GENEL KURUL KONUŞMASI
Konu: Millî Eğitim Bakanlığının Teşkilat ve Görevleri Hakkında Kanun Hükmünde Kararname ile Bazı Kanun ve Kanun Hükmünde Kararnamelerde Değişiklik Yapılmasına Dair Kanun Tasarı ve Teklifleri münasebetiyle
Yasama Yılı:2
Birleşim:28
Tarih:29.11.2016

NİMETULLAH ERDOĞMUŞ (Diyarbakır) - Sayın Başkan, değerli milletvekilleri; hepinizi saygı ve hürmetle selamlıyorum.

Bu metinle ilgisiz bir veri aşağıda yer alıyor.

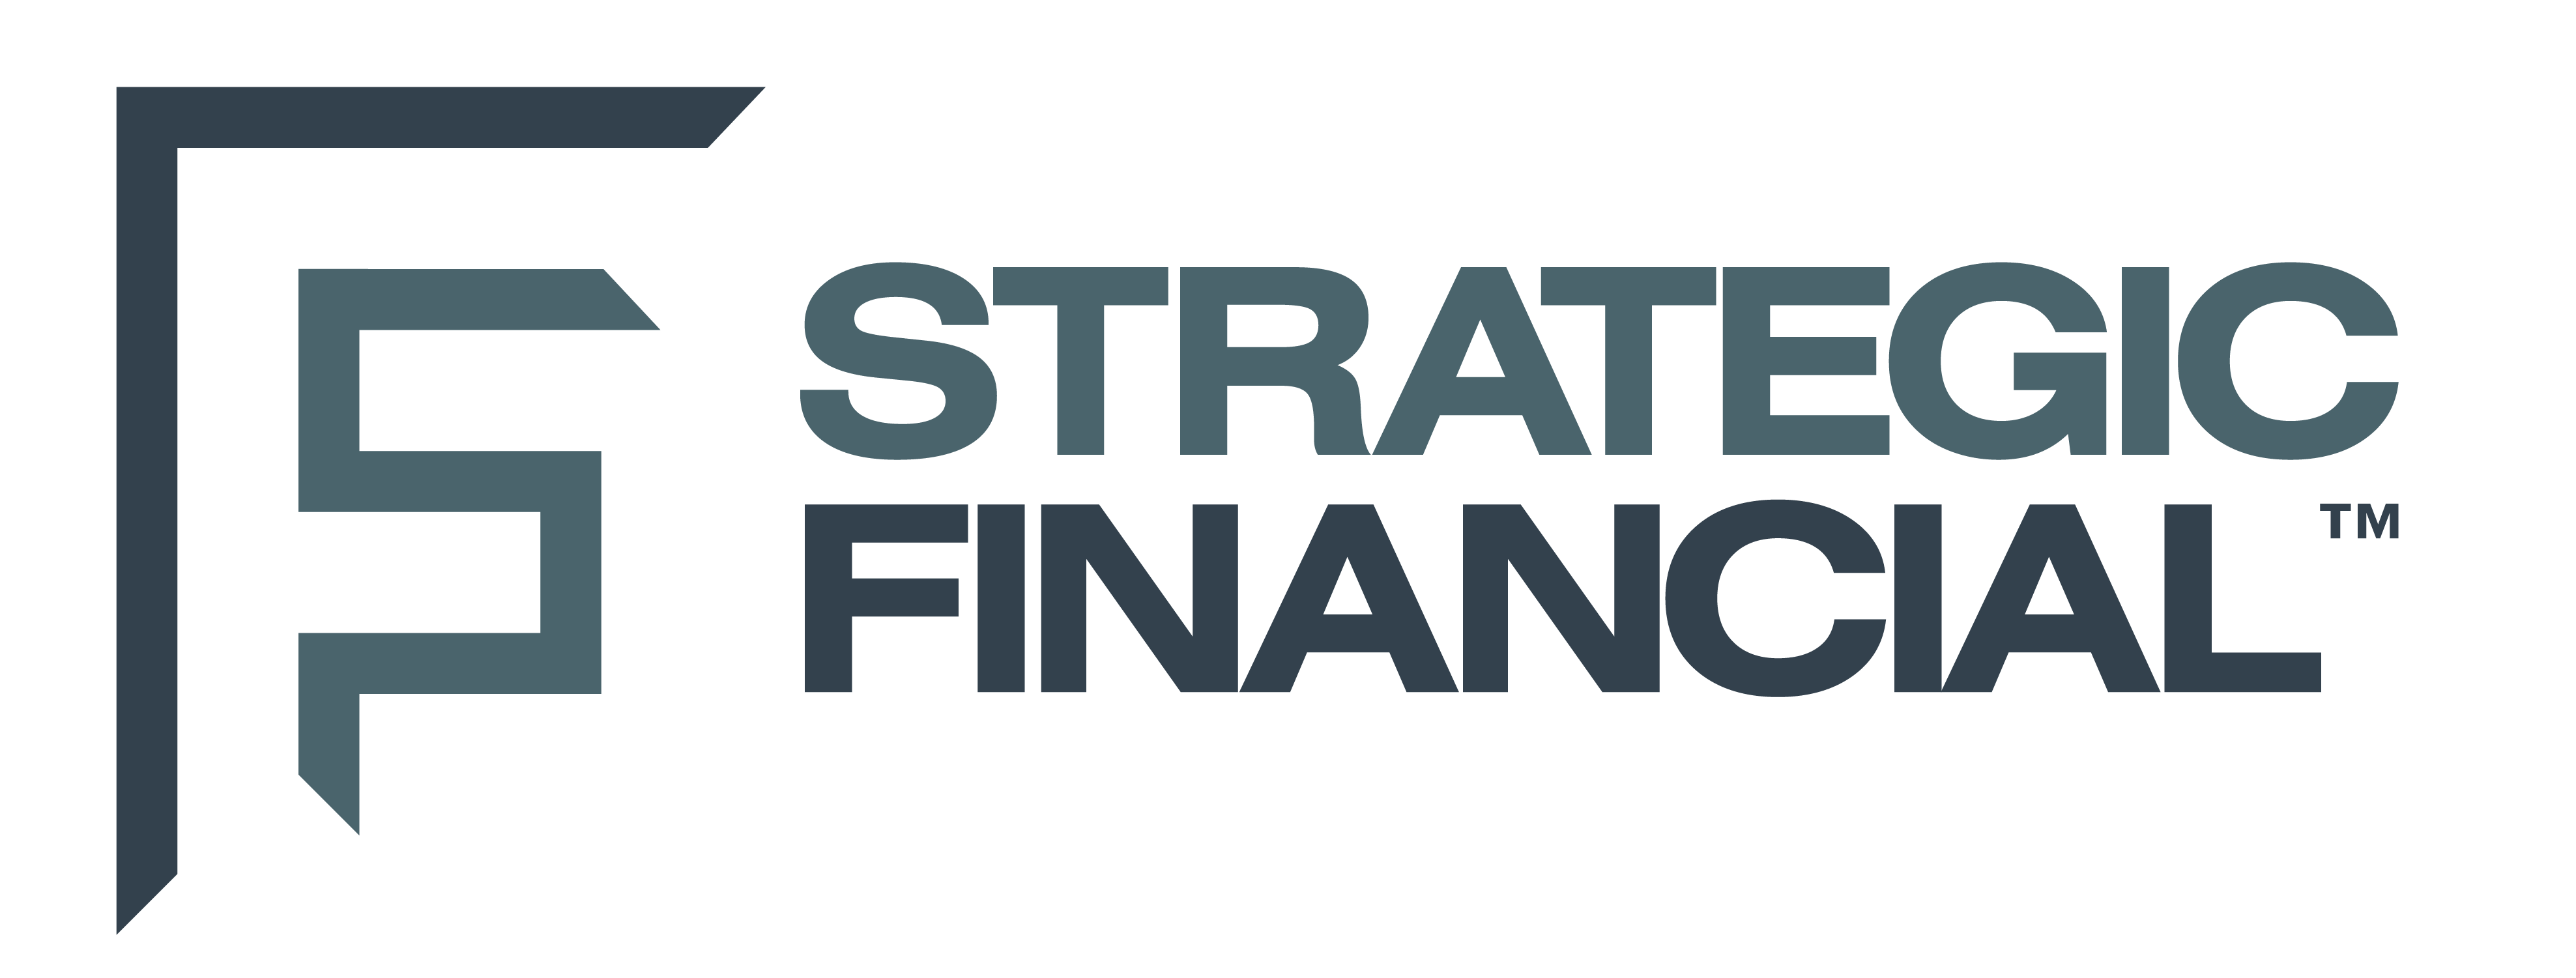 Strategic Financial_Logo-01

Bildiğiniz gibi bilgi üretmek, değer üretmek belli koşullarla, belli zeminle ve imkânlarla ancak mümkün olabilir. Mesela özgürlük olmazsa bilgi üretimi konusunda bizim başarılı olabilmemiz mümkün olmaz. Özgürlük deyince bu bilgi üretiminde düşünce ve ifade özgürlüğü her şeyden önce aklınıza gelir. Bugün gerçekten eğer bu anlamda bilgi üretemiyor ve değerler üretemiyorsak oturup bu özgürlük alanlarını yeniden gözden geçirme mecburiyeti var. Bakınız, eğer bir yerde üretim olmazsa -bu maddi anlamda da böyledir, manevi anlamda da böyledir, ilimde, bilgide de böyledir- o zaman tek bir seçeneğimiz, tek bir şansınız var; o da üretilen değerleri tüketmeye mahkûm kalırsınız ve öyle bir zaman gelir ki eldeki, avuçtaki var olan her şey de tükenir gider. Daha vahim olanı sizinle paylaşmak istiyorum. Böyle bir sorumluluğumuz da var. Genel anlamda ifadelerimi kullanmaya itina göstereceğim.

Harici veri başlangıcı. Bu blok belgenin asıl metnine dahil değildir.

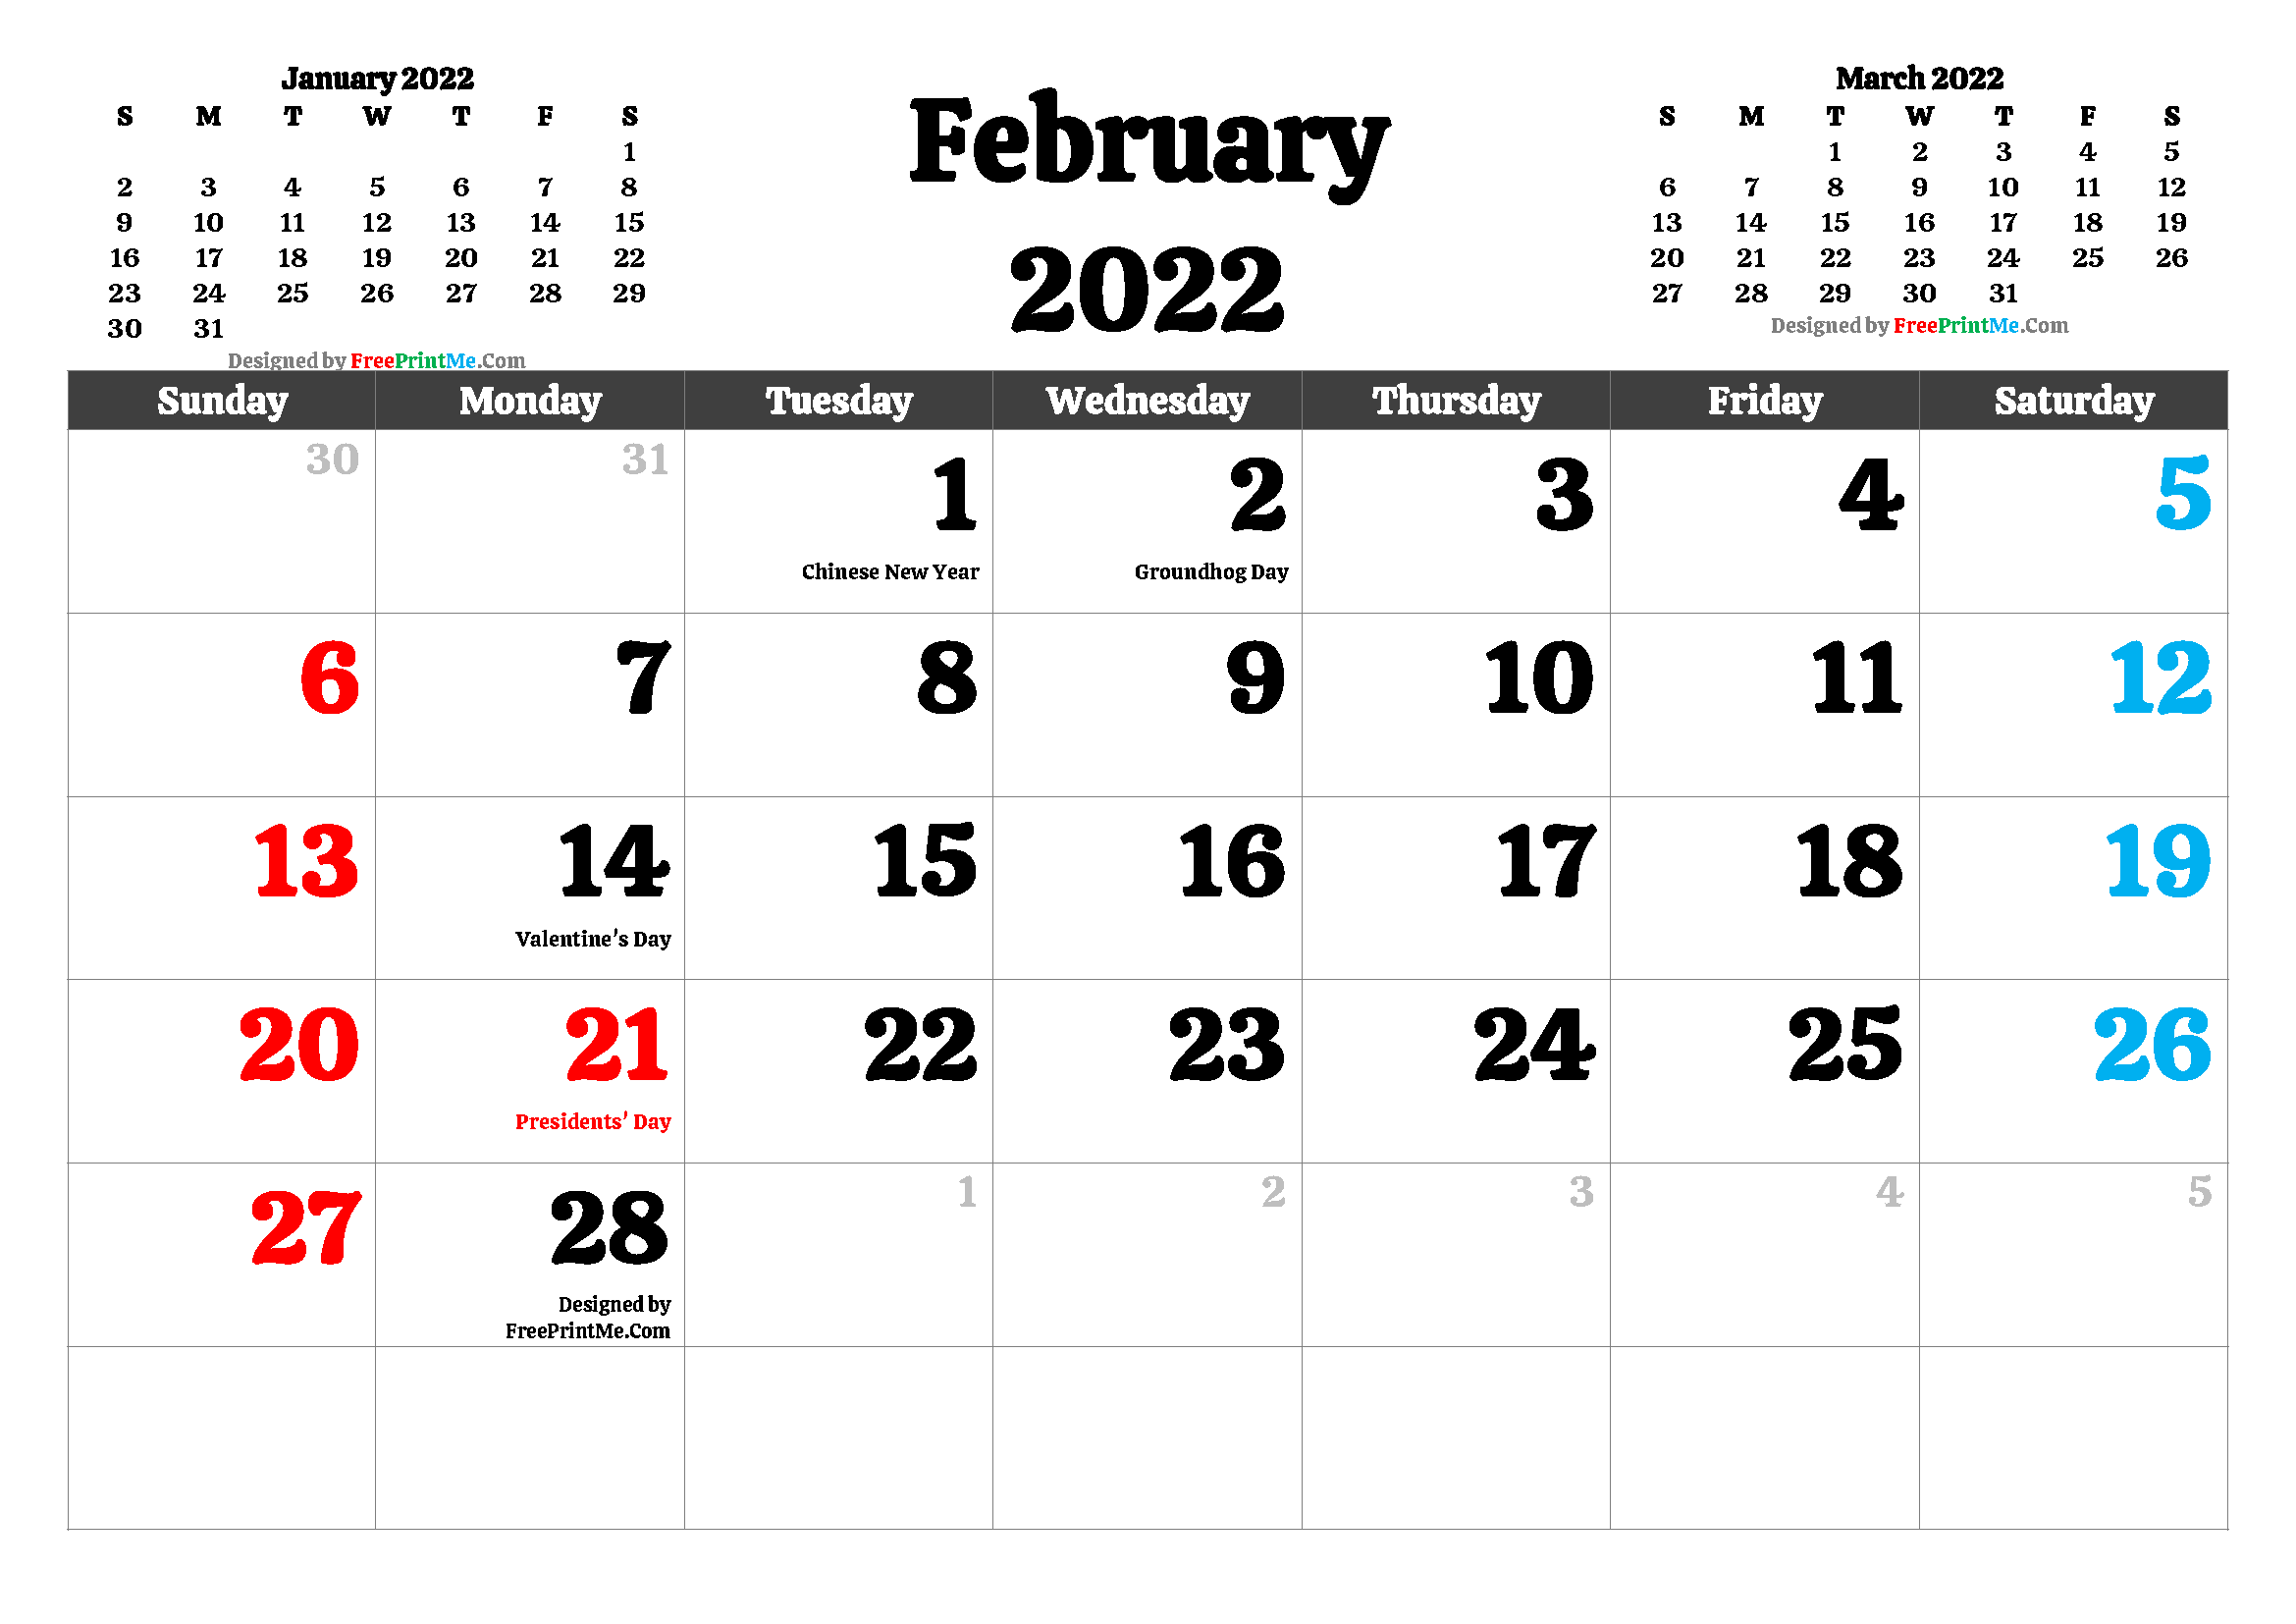 Febuary 2022 Calendar Free Printable February 2022 Calendar Pdf And Image

Şimdi, cehenneme dönme, cehenneme çevirme, yeryüzünü, dünyayı, bulunduğun yeri cehenneme çevirme diye bir ifade var; zaman zaman kullanılır veya okuruz, makalelerde okuruz, bazen de dinleriz. Bu nasıl; bir ortam, bir dünya, bir memleket, bir ülke cehenneme dönüyor? Demek ki insanoğlunun elinin ulaştığı fakat musallat olduğu alanlarda bu risk ve tehdit her zaman var olagelmiş. İnsanoğlunun eli ya inşa için bir yere uzanır, onu imar eder, onu inşa eder, onu korur, onu bir emanet gibi gelecek nesillere devreder ama eğer o el musallat olmuşsa bir yere o zaman onun kaçınılmaz sonucu da oranın cehenneme dönmesidir. Ülkem için bu tabiri kullanmak istemem ama şu anda içinde bulunduğumuz hâl maalesef biraz da buna doğru seyretmektedir. Bakınız, şu sıralarda vekil arkadaşlarımızın, eş genel başkanlarımızın, grup başkan vekilimizin olmaması aslında bir ayıp olarak düşünülmeli ve o şekilde yaklaşmalıyız.

Ben Ahmet Türk'le ilgili bir örneği sizinle paylaşmak istiyorum. Ahmet Türk aslında, bu sit alanları oluyor ya, tarihî alanlar, mekânlar yani insanoğlunun dokunmaması gerektiği ve onunla ilgili daha dikkatli, daha özenli olması gerektiği yerler var. Emin olunuz, Ahmet Türk sadece bizim partimiz için, sadece bizim bölgemiz için bir değer değil, bu ülkenin bir değeriydi.

Bakınız, şu anda Sayın Baykal burada yok. Ben, bir Diyarbakırlı arkadaşımla bir yerde oturuyordum, Sayın Baykal gidip Ahmet Türk'ü, ailesini evinde ziyaret etmişti. O arkadaşımın bana söylediği: "Ben de gidip Antalya'da Sayın Baykal'ı evinde ziyaret edeceğim." Ne CHP'yle ne de Sayın Baykal'la herhangi bir ilgi ve alakası var. Bu tür olaylar, bu tür sıkıntılar bizi birbirimize düşman etmek yerine, bizi birbirimizden uzaklaştırmak yerine bizim için birer fırsat ve ders olmalı diye düşünüyorum.

Değerli arkadaşlar, şu anda hâlen bu Meclisin yapabileceği, birlikte yapabileceği, oturup uzlaşarak, konuşarak çözebileceği çok önemli sorunlarımız var. Ümidim, inancım odur ki...

(Mikrofon otomatik cihaz tarafından kapatıldı)

NİMETULLAH ERDOĞMUŞ (Devamla) - ...bu şekilde bir istidat gösterilir ve bu ülke o cehennem algısından kurtulur, hem bu dünyanın hem öbür dünyanın cennetine vesile olursunuz diyorum.